The benefits of Creatine for Sports and Nutrition:
Greater concentrations of creatine in muscle improves performance
The effect of creatine supplementation has been studied in people with different levels of fitness and athletic ability, ranging from elite athletes to relatively unfit beginners.
Creatine supplementation had a performance-enhancing effect for a wide range of sports.
For sports that require speed, such as sprinting, long jump, swimming, kayaking/rowing, and for intensive strength training by bodybuilders and cyclists, creatine supplementation can greatly improve performance in the areas of maximum strength and endurance (5-15%), with interval training in the maximum range (5-20%), with power production in short sprints (approx. 30%,) and in training with repetitive sprints (5-15%).
Different mechanisms are involved in the ergogenic effects of creatine supplementation:
- Higher phosphocreatine concentrations serve as immediate reserves for ATP during exertion.
- Increased phosphocreatine resynthesis rate during and after exertion due to increased levels of creatine.
- Smaller decrease in muscle pH during exertion.
- Greater training capacity.
- Increase in muscle mass (absolute power output).
Phosphocreatine resynthesis is critical for restoring muscle power at the beginning of the next set of intensive exercises. An increased resynthesis rate makes it possible to more intensive training sets, which is an advantage for explosive sports disciplines in particular.

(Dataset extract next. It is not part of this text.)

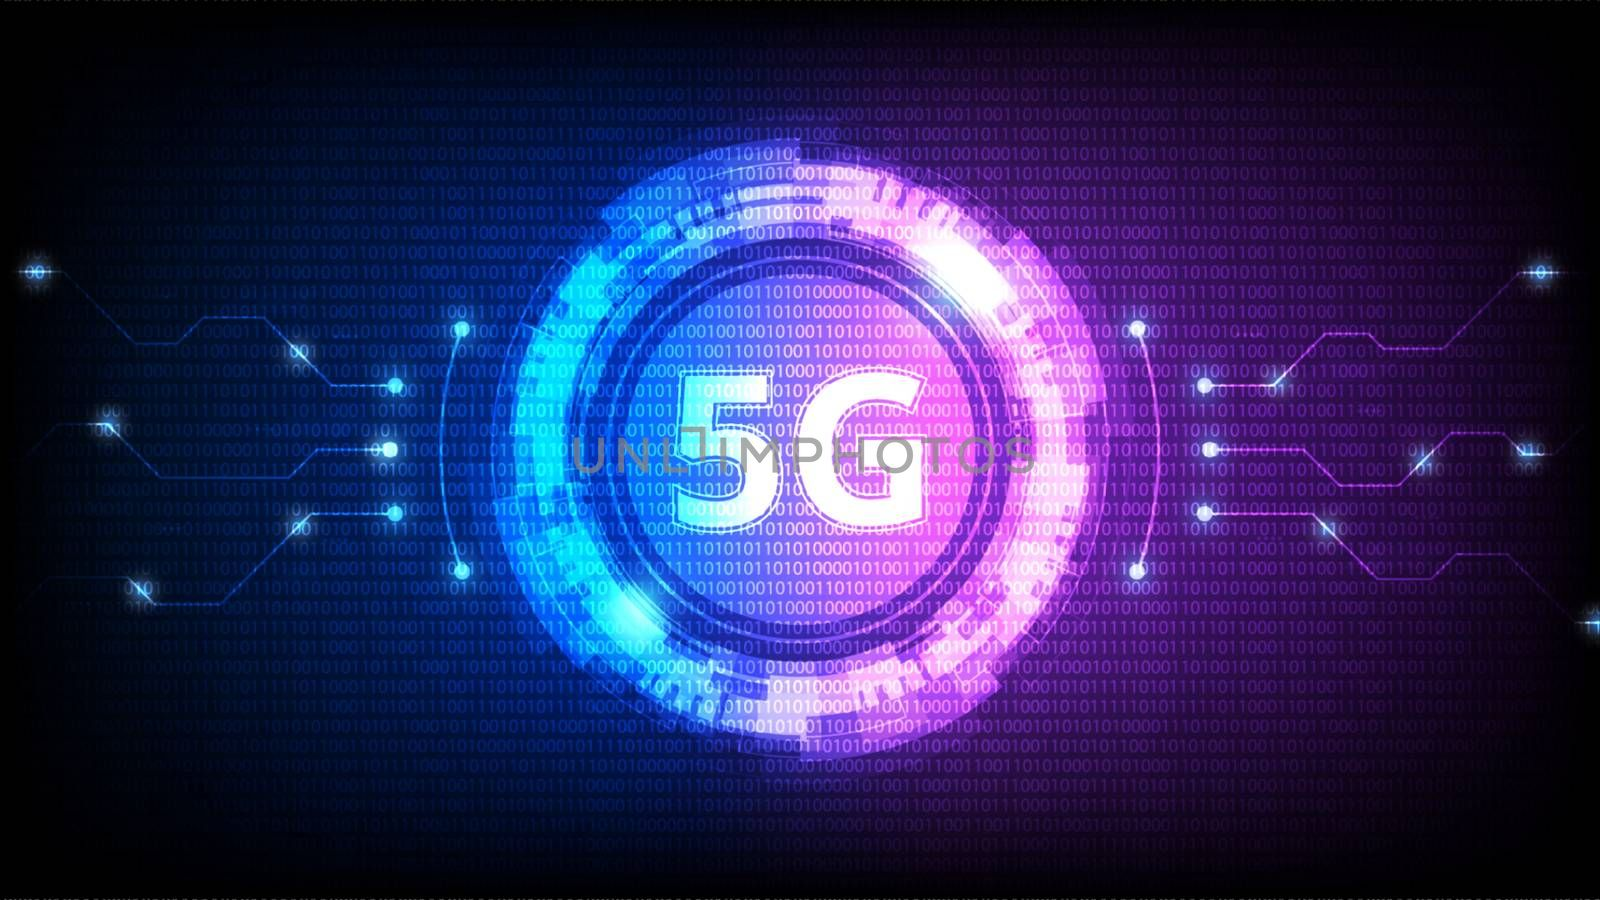 5G network, wireless technology

During very intensive, repetitive forms of exercise there is enough ATP or 1-2 seconds, and phosphocreatine is available for the immediate regeneration of ATP. However, phosphocreatine stores last approximately 10 seconds. Increasing Phosphocreatine levels in muscle results in the delayed breakdown of phosphocreatine, which has a beneficial effect on muscle performance. More than 20 clinical trials have shown that creatine supplementation significantly improves muscle strength and/or performance during short bouts of high-intensity exercise.
The greatest improvements in performance can be found during series of repetitive high-intensity types of exertion that are interrupted by a fairly brief period of rest (e.g., 20-60 seconds). The rest breaks are sufficient to achieve greater recovery of phosphocreatine concentrations.
Creatine supplementation is common in these sports: bodybuilding, weightlifting, wrestling, rowing, cycling, mountain biking, tennis, skiing, American football, soccer, rugby, basketball, ice hockey, volleyball, handball, and track and field (sprinting, shotput, javelin and discus).